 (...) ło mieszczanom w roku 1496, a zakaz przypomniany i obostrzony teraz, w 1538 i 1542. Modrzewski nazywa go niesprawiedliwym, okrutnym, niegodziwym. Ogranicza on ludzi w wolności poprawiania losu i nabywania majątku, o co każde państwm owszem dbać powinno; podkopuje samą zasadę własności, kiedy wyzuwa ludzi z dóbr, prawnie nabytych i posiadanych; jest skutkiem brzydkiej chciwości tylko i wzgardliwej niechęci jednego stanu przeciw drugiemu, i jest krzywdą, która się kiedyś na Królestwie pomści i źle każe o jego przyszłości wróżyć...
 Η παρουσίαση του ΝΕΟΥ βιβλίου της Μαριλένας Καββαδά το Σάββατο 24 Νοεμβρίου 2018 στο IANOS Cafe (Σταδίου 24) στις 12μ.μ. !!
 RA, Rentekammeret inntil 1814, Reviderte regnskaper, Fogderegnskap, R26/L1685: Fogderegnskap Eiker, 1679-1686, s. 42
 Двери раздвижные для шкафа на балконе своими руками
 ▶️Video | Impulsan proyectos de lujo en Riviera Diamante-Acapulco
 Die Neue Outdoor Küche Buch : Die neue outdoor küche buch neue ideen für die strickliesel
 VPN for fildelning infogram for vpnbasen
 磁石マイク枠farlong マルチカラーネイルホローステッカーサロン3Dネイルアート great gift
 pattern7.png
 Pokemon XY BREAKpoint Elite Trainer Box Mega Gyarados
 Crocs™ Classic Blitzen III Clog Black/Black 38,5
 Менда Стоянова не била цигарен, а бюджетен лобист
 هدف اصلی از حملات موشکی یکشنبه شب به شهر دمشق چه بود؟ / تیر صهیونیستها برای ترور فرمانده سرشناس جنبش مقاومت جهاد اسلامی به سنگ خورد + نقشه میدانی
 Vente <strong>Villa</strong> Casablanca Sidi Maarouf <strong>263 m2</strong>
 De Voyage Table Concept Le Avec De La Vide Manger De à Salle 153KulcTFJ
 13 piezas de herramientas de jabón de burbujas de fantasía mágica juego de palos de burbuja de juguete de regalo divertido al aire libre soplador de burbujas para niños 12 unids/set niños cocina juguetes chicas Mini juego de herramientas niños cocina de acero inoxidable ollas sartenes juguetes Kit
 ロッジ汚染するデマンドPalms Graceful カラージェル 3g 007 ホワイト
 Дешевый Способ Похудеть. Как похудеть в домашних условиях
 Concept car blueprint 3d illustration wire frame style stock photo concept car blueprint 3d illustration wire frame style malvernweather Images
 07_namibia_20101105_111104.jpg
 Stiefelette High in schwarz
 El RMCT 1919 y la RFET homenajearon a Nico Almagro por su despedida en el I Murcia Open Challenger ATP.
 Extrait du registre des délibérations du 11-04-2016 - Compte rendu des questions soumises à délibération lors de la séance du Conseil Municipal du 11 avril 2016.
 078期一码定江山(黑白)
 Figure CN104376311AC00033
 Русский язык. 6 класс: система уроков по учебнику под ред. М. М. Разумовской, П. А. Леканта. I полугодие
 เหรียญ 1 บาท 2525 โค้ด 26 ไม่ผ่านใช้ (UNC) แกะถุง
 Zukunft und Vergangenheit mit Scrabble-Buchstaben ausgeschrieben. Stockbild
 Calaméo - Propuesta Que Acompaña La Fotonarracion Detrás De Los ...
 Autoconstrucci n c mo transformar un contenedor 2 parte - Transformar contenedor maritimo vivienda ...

* Exercise:
Give back every entry, unchanged in any way.

* Exercise result:
 (...) ło mieszczanom w roku 1496, a zakaz przypomniany i obostrzony teraz, w 1538 i 1542. Modrzewski nazywa go niesprawiedliwym, okrutnym, niegodziwym. Ogranicza on ludzi w wolności poprawiania losu i nabywania majątku, o co każde państwm owszem dbać powinno; podkopuje samą zasadę własności, kiedy wyzuwa ludzi z dóbr, prawnie nabytych i posiadanych; jest skutkiem brzydkiej chciwości tylko i wzgardliwej niechęci jednego stanu przeciw drugiemu, i jest krzywdą, która się kiedyś na Królestwie pomści i źle każe o jego przyszłości wróżyć...
 Η παρουσίαση του ΝΕΟΥ βιβλίου της Μαριλένας Καββαδά το Σάββατο 24 Νοεμβρίου 2018 στο IANOS Cafe (Σταδίου 24) στις 12μ.μ. !!
 RA, Rentekammeret inntil 1814, Reviderte regnskaper, Fogderegnskap, R26/L1685: Fogderegnskap Eiker, 1679-1686, s. 42
 Двери раздвижные для шкафа на балконе своими руками
 ▶️Video | Impulsan proyectos de lujo en Riviera Diamante-Acapulco
 Die Neue Outdoor Küche Buch : Die neue outdoor küche buch neue ideen für die strickliesel
 VPN for fildelning infogram for vpnbasen
 磁石マイク枠farlong マルチカラーネイルホローステッカーサロン3Dネイルアート great gift
 pattern7.png
 Pokemon XY BREAKpoint Elite Trainer Box Mega Gyarados
 Crocs™ Classic Blitzen III Clog Black/Black 38,5
 Менда Стоянова не била цигарен, а бюджетен лобист
 هدف اصلی از حملات موشکی یکشنبه شب به شهر دمشق چه بود؟ / تیر صهیونیستها برای ترور فرمانده سرشناس جنبش مقاومت جهاد اسلامی به سنگ خورد + نقشه میدانی
 Vente <strong>Villa</strong> Casablanca Sidi Maarouf <strong>263 m2</strong>
 De Voyage Table Concept Le Avec De La Vide Manger De à Salle 153KulcTFJ
 13 piezas de herramientas de jabón de burbujas de fantasía mágica juego de palos de burbuja de juguete de regalo divertido al aire libre soplador de burbujas para niños 12 unids/set niños cocina juguetes chicas Mini juego de herramientas niños cocina de acero inoxidable ollas sartenes juguetes Kit
 ロッジ汚染するデマンドPalms Graceful カラージェル 3g 007 ホワイト
 Дешевый Способ Похудеть. Как похудеть в домашних условиях
 Concept car blueprint 3d illustration wire frame style stock photo concept car blueprint 3d illustration wire frame style malvernweather Images
 07_namibia_20101105_111104.jpg
 Stiefelette High in schwarz
 El RMCT 1919 y la RFET homenajearon a Nico Almagro por su despedida en el I Murcia Open Challenger ATP.
 Extrait du registre des délibérations du 11-04-2016 - Compte rendu des questions soumises à délibération lors de la séance du Conseil Municipal du 11 avril 2016.
 078期一码定江山(黑白)
 Figure CN104376311AC00033
 Русский язык. 6 класс: система уроков по учебнику под ред. М. М. Разумовской, П. А. Леканта. I полугодие
 เหรียญ 1 บาท 2525 โค้ด 26 ไม่ผ่านใช้ (UNC) แกะถุง
 Zukunft und Vergangenheit mit Scrabble-Buchstaben ausgeschrieben. Stockbild
 Calaméo - Propuesta Que Acompaña La Fotonarracion Detrás De Los ...
 Autoconstrucci n c mo transformar un contenedor 2 parte - Transformar contenedor maritimo vivienda ...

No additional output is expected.